Crestview slowly thaws out from historic winter blast

“We still have icy conditions and people are driving like we don’t have icy conditions,” McCosker said in frustration shortly after noon today.

While major roads such as State Road 85 are mostly clear, shaded parts of many side roads like Stillwell Boulevard, Redstone Avenue and Old Bethel Road are still icy, he said.
“It’s not black ice, it’s flat-out ice,” McCosker said. “Our officers are trying to keep people from driving on the icy roads. Schools are closed for a reason: it’s still not safe to travel. (Driving now) is putting first responders at risk.”
Enzo’s havoc is widespread. For example, since the storm began, scores of semi-trucks and other vehicles have slipped off parts of Interstate 10 and U.S. Highway 90. Early this afternoon, snowplows and road graders were being used by Florida Department of Transportation workers to remove ice and snow on I-10 to restore traffic. Schools in Okaloosa County are closed until Monday.

According to the National Weather Service in Mobile, Alabama, Winter Storm Enzo dumped 9 inches of snow on Crestview and 10 inches on Jay and Milton. Elsewhere, it dropped 8 1/2 inches on Baker, 7 1/2 inches on Fort Walton Beach, 8 inches on Navarre, and 2.8 inches on Destin.
Nearly all of those totals broke the state’s previous record snowfall from March 6, 1954, when 4 inches fell near Milton.


Crestview’s last snowfall before Enzo occurred on Dec. 8 and 9, 2017, when about a half inch of snow fell, NWS Meteorologist Jason Beaman said.
Beaman said a “perfect combination” of ingredients led to the record-setting Winter Storm Enzo: A few days before Enzo arrived, the region was blasted with a very deep-cold air mass “straight out of the Arctic.” A storm system then came from the west, and a low-pressure system that developed over the Gulf of Mexico brought sufficient moisture, but no warm air, into our area over the cold air mass.

Beaman noted that the 7.6 inches of snow Enzo brought to Pensacola easily broke that city’s former record of 3 inches set in 1895.
“Does it happen often?
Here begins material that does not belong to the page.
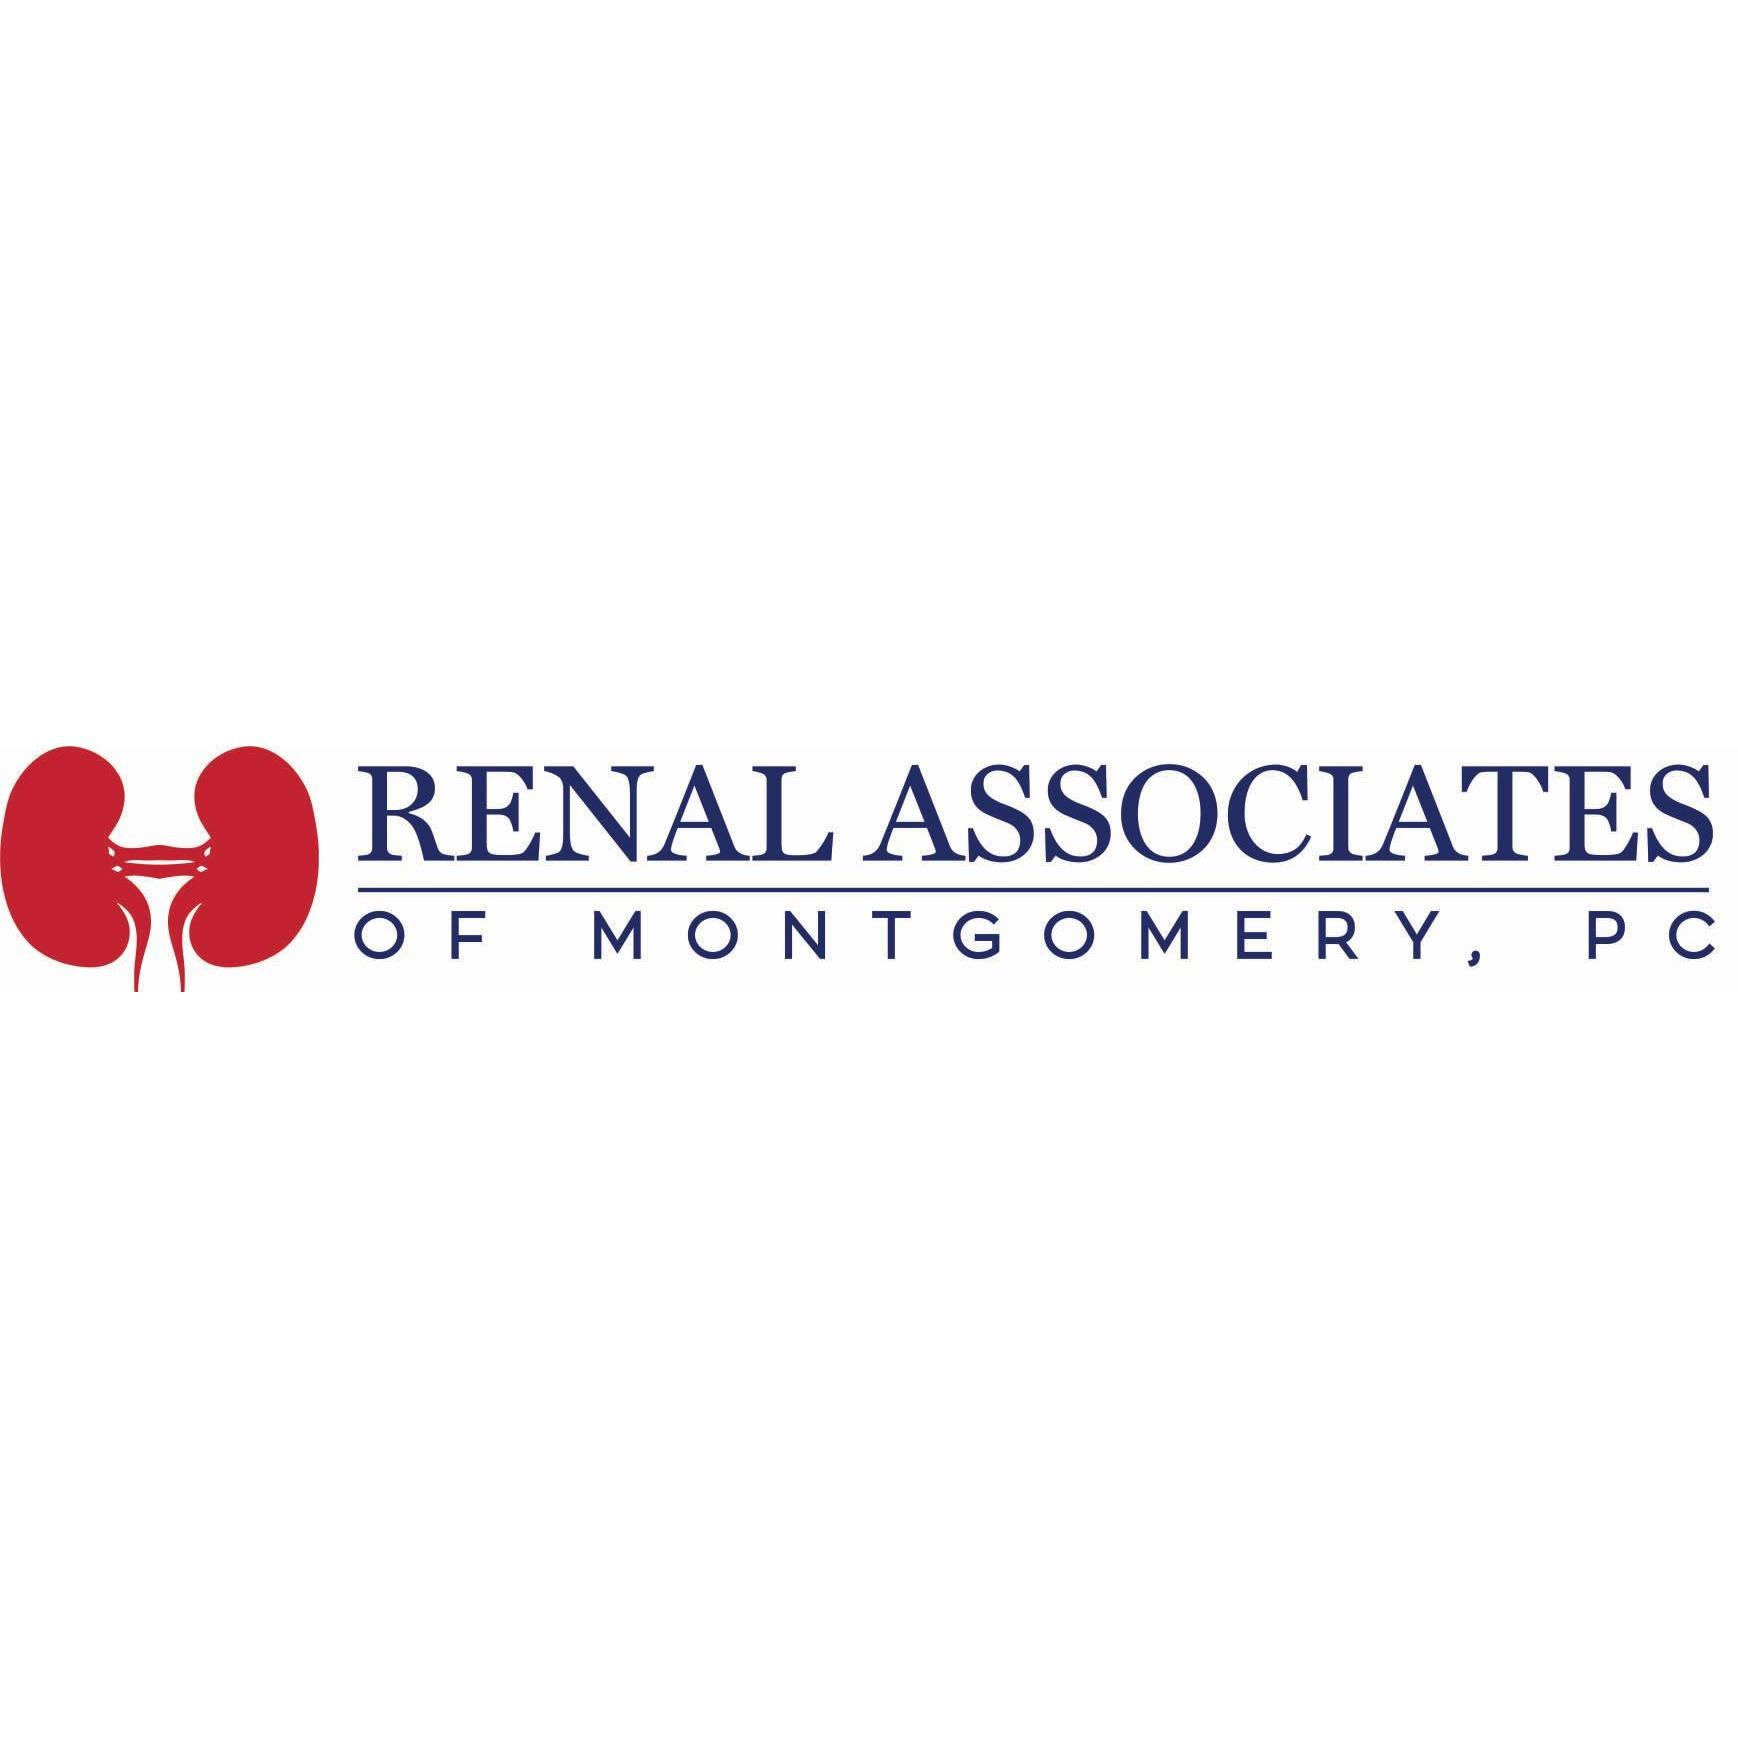 Renal Associates Of Montgomery, Pc

No,” he said about profound snowfalls in the Florida Panhandle. “It may take another 100 years to happen again, or it may take 20 years. You never say ‘never.’”
Crestview’s daytime high temperature for today is 44 degrees, 17 degrees below the average daily high of 61.
On Sunday, the morning low for Crestview is forecast to be 33 degrees, with a daytime high of 59. The daytime temps are expected to increase from there, with a high of 69 degrees next Thursday.

McCosker, who became Crestview’s police chief in late 2019, is a native of New York state. He said the last time he saw snow before Enzo might have been in 2018, when he attended the FBI Academy in Quantico, Virginia.